Made My Own Thermostat

    The thermostat in my apartment was awful, just a bimetallic bar connected to wires. It was so inaccurate and unreliable that essentially it could be used as a manual on/off switch and nothing else. And with the super-inefficient retro-fitted electric heaters that my building has, running 24/7 cost $400/month on my electric bill. On top of that, my 115-year-old building has 16ft ceilings and no insulation in the walls so even when the heaters are running constantly it will only heat up maybe fifteen degrees warmer than outside, meaning precise temperature control is never going to happen regardless of the thermostat. But even considering that, any heaters are better than no heaters and scheduling the heaters to only run when necessary could still save me hundreds of dollars per month so I definitely wanted to get a better thermostat.

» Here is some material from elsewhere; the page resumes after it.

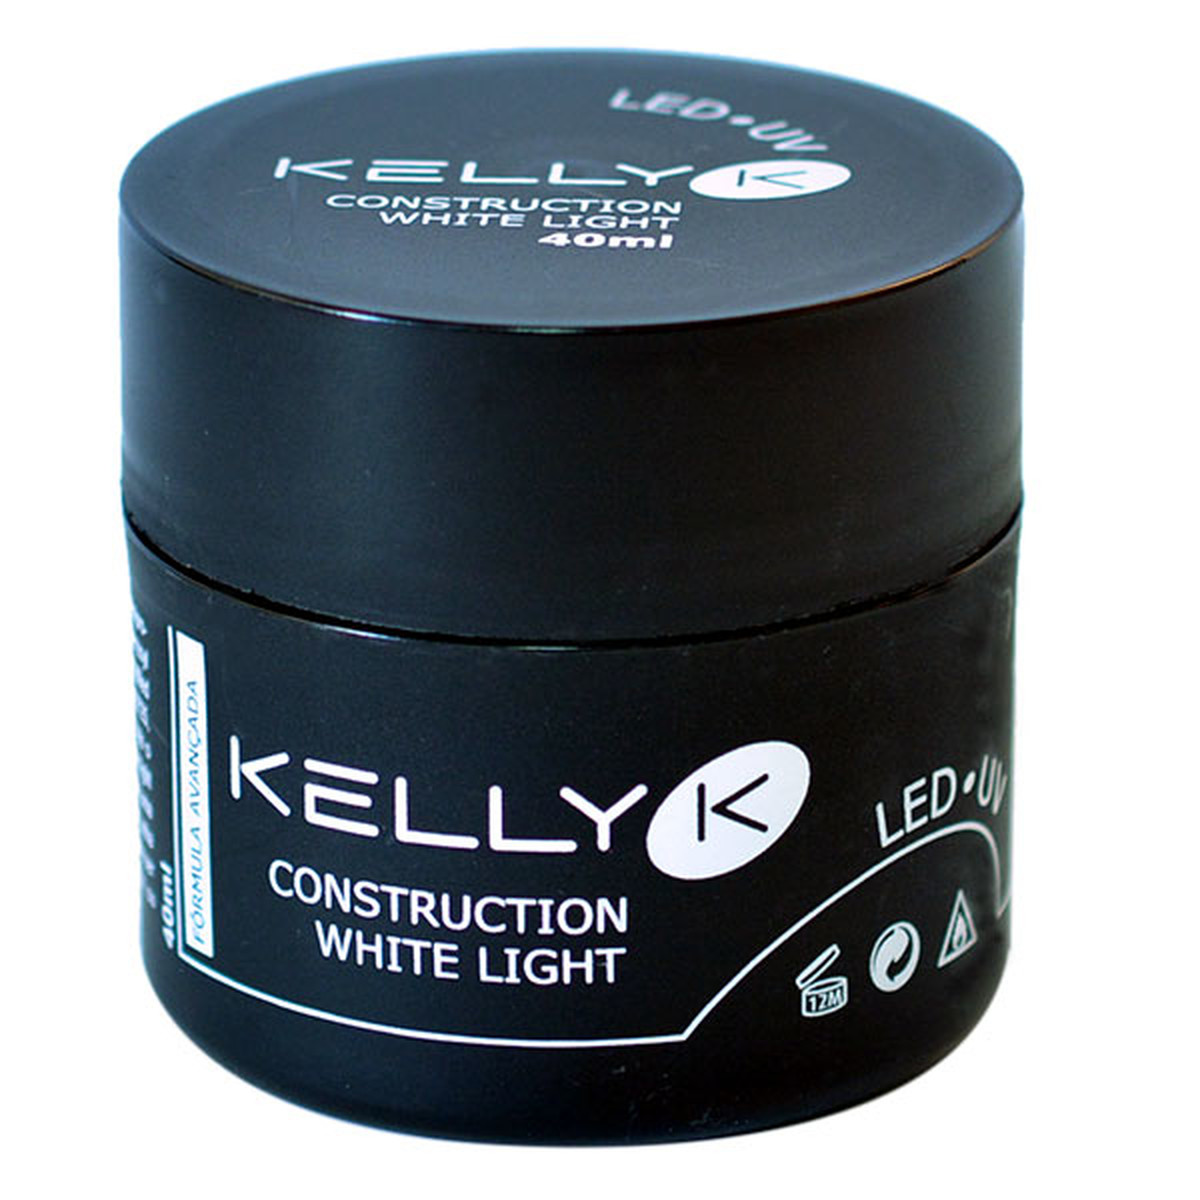 Kelly K Led/Uv Construction White Light 40Ml - 40Ml » Construction...

    I don't actually have permission from my landlord to do this, so I didn't want to do anything permanent and I didn't want to drill any new holes in the walls or install any new wiring. Also, I don't know why the thermostat closes two parallel sets of contacts with two separate switches. But I knew that closing two parallel sets of contacts was all I needed to do. And then do that on a schedule every day.

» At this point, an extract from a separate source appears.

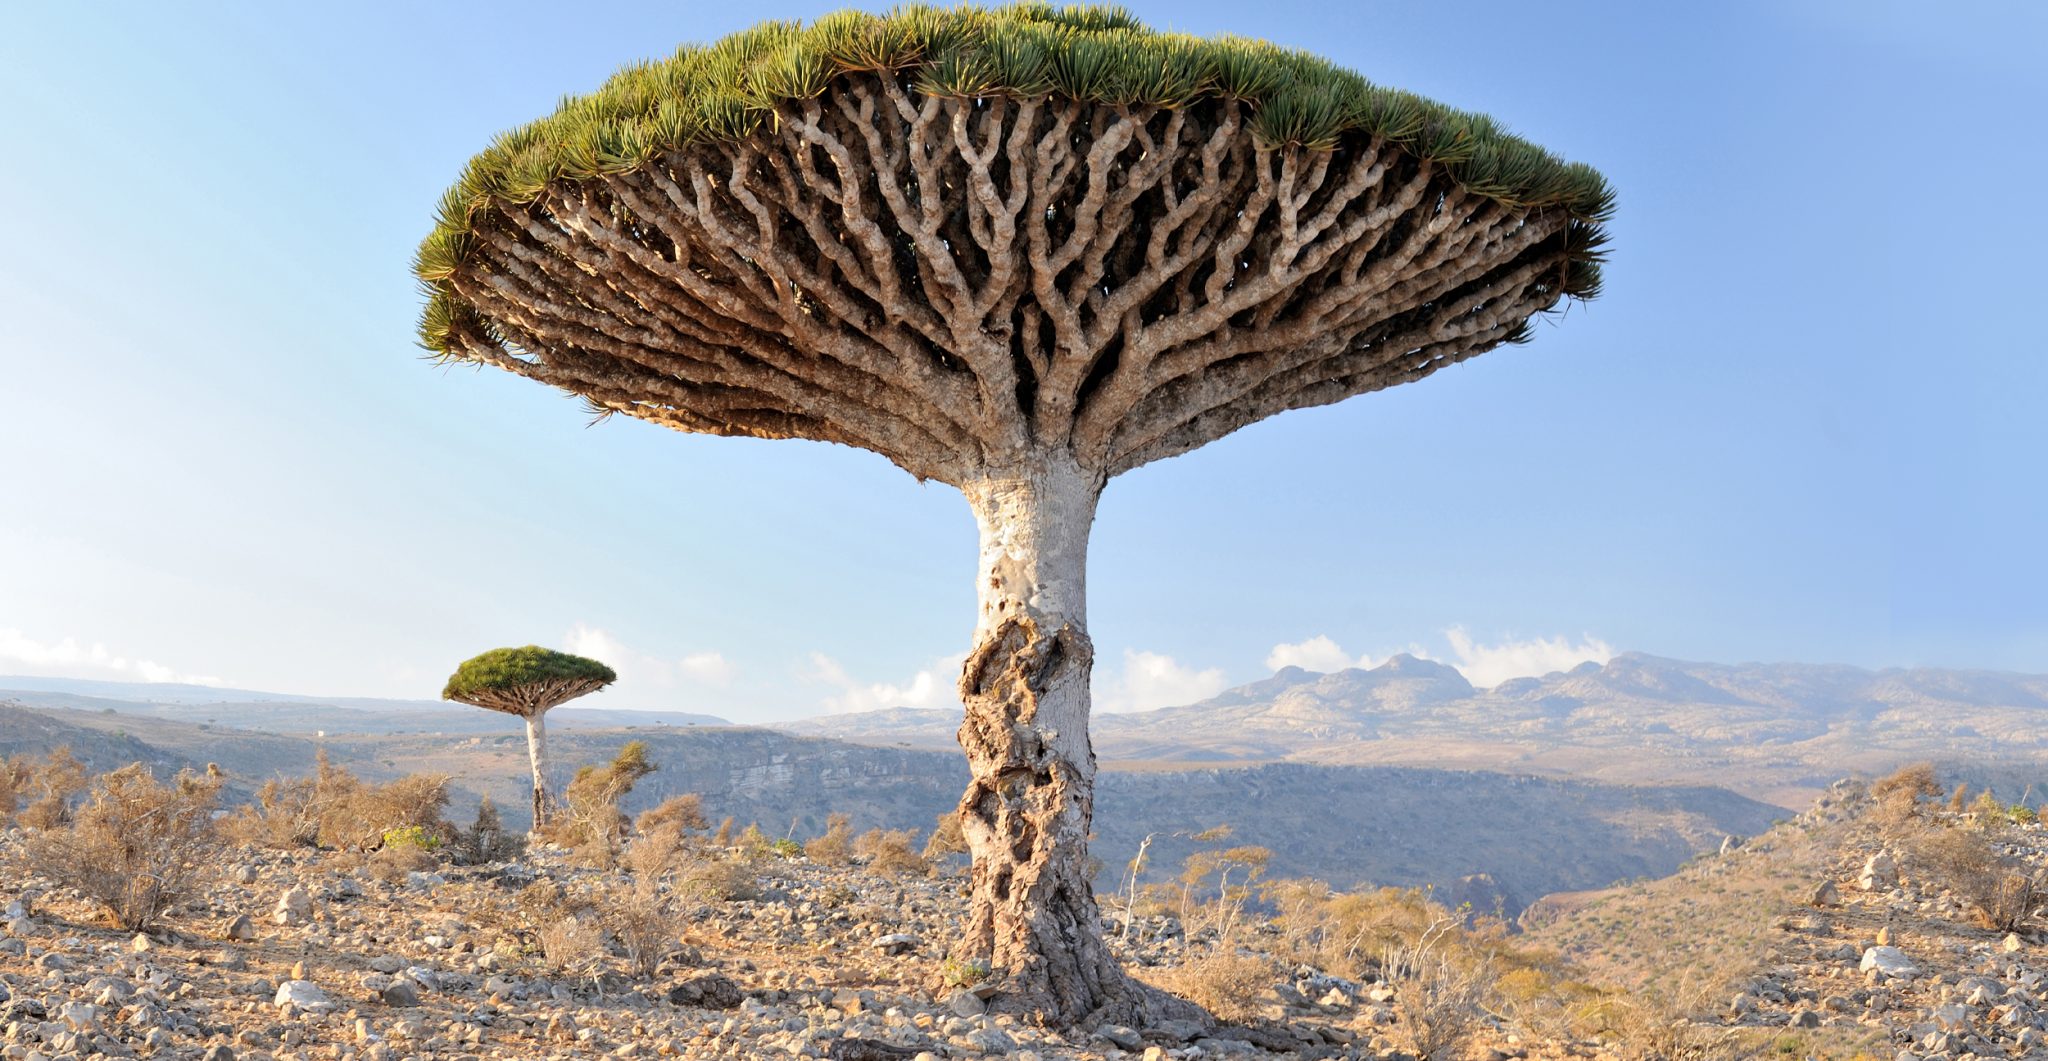 Dragon tree of Socotra

    So I looked through my parts bins and grabbed a Rasberry Pi Pico and a moderate-capacity relay board and wrote a little program to turn on the heaters every morning and evening. Morning because the odds of me sleeping through my alarm are very high if it's just too damn cold to get up and evening because it gets much colder in my apartment after sunset. That was easy enough.

    Then I thought there are extra-cold days where I want to manually turn on the heater when it's not scheduled to run and I don't want to have to hook up my computer and reflash the RPico every time. So I added a button to override the schedule, on or off, and an LED to indicate state. Then I printed a box to hold it all. It's pretty neat.

     The override button is hidden on the bottom, the RPico boot select button is on the side, and the LED just shines through the printed cover indicating state. I looked for a way to power the thing from the wall wiring but I don't have a ground, just ins and outs, so it gets power through USB. The final product was just a few mm larger than the relay board. I'm so happy when a project is done in a day. Code is on gitlab.